Vermicelli/Semiya Upma is a traditional and popular South Indian breakfast made with vermicelli and vegetables
Dry roast Vermicelli in the instant pot itself untill it turns light golden brown on Saute Mode.I have used store brought roasted bambino vermicelli for this recipe.
In SAUTE mode ,Add ghee or oil and once it's hot add mustard seeds ,jeera and wait until it splutters.
Then add urad dal, green chilies, ginger ,curry leaves, hing ,turmeric powder and saute until urad changes into light golden brown.
Add chopped onion and saute until onion becomes light brown.
Add chopped mixed vegetables ,roasted vermicelli ,water ,salt and mix well.
Press CANCEL button on Instant Pot.Close the lid on the pot, and turn valve from VENTING to SEALING position.
Set the pot to MANUAL/PRESSURE COOK (High Pressure) and set timer to 1 minute.When the instant pot beeps, do a 5 minute NATURAL PRESSURE RELEASE(NPR), which means release pressure manually 5 minutes after the instant pot beeps.If you are in a hurry, you can also do a QUICK PRESSURE RELEASE (QR) manually.
Remove the steel insert from the instant pot and add lemon juice and garnish with fresh cilantro/coriander leaves and gently fluff the vermicelli with a fork.
Vermicelli Upma is ready to be enjoyed with coconut chutney
1. Make sure to use roasted vermicelli, raw vermicelli will become mushy.
2. You can use vegetables of your choice.

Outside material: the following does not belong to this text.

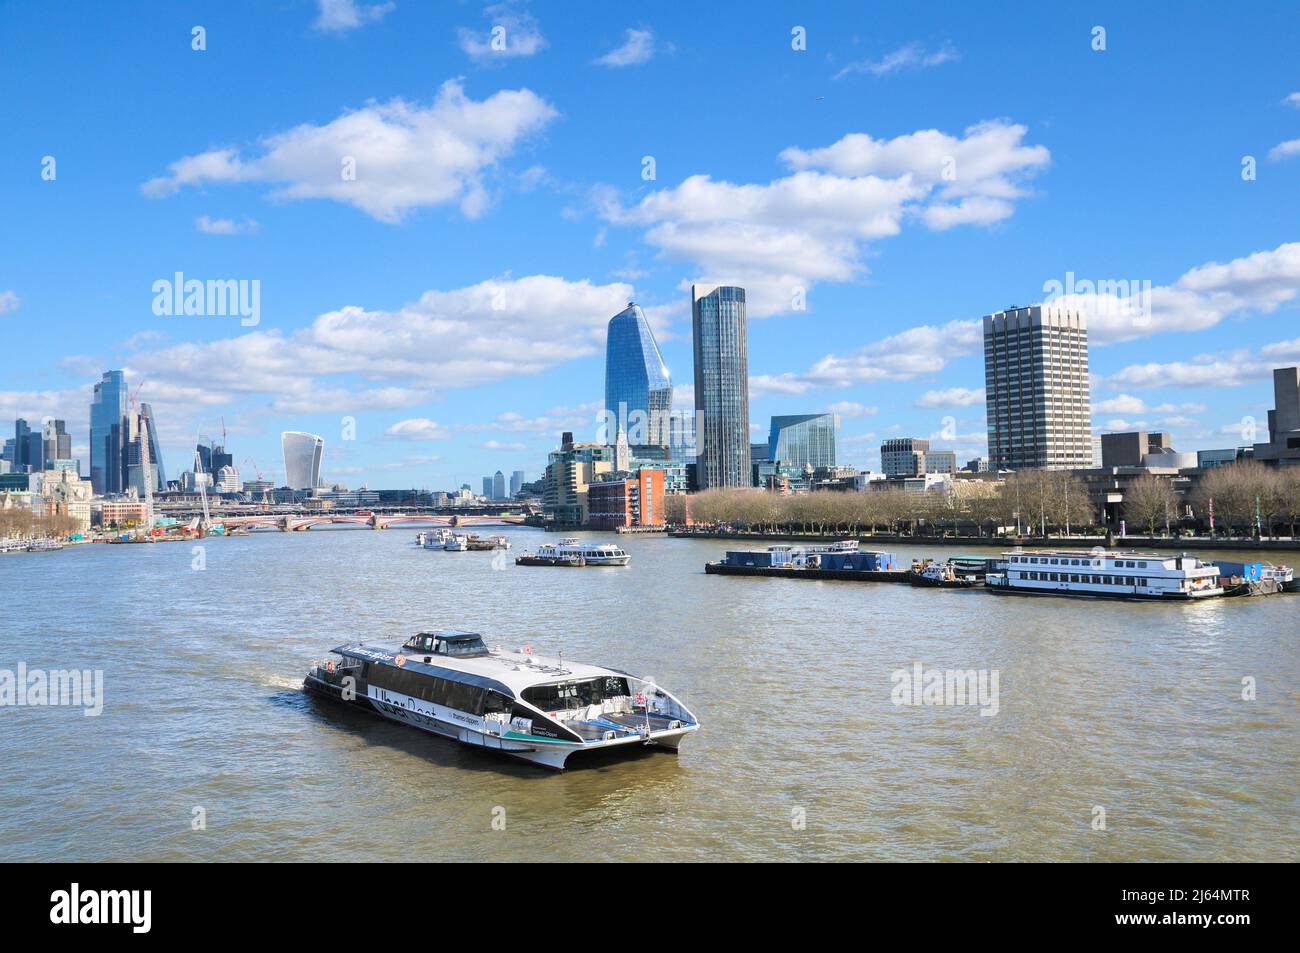 Horizon de Londres avec bateau-tondeuse sur la Tamise, vue depuis le pont de Waterloo vers les gratte-ciels One Blackfriars et South Bank Tower, Angleterre, Royaume-Uni Banque D'Images

3.For kids box you can replace oil with ghee.Makes it more healthier choice.Also you can reduce the green chillies.
4.You can also add roasted cashews or peanuts(groundnuts) to make it more healthy and crunchier.
5.If you do not have a Instant pot,Here are the instructions to make it on stove top.
6.You can double the recipe with the same cooking time.
7.I have prepared this dish in my electric pressure cooker, Instant Pot DUO60 6 QT
Note:Nutrition values are my best estimates. If you rely on them for your diet, use your preferred nutrition calculator.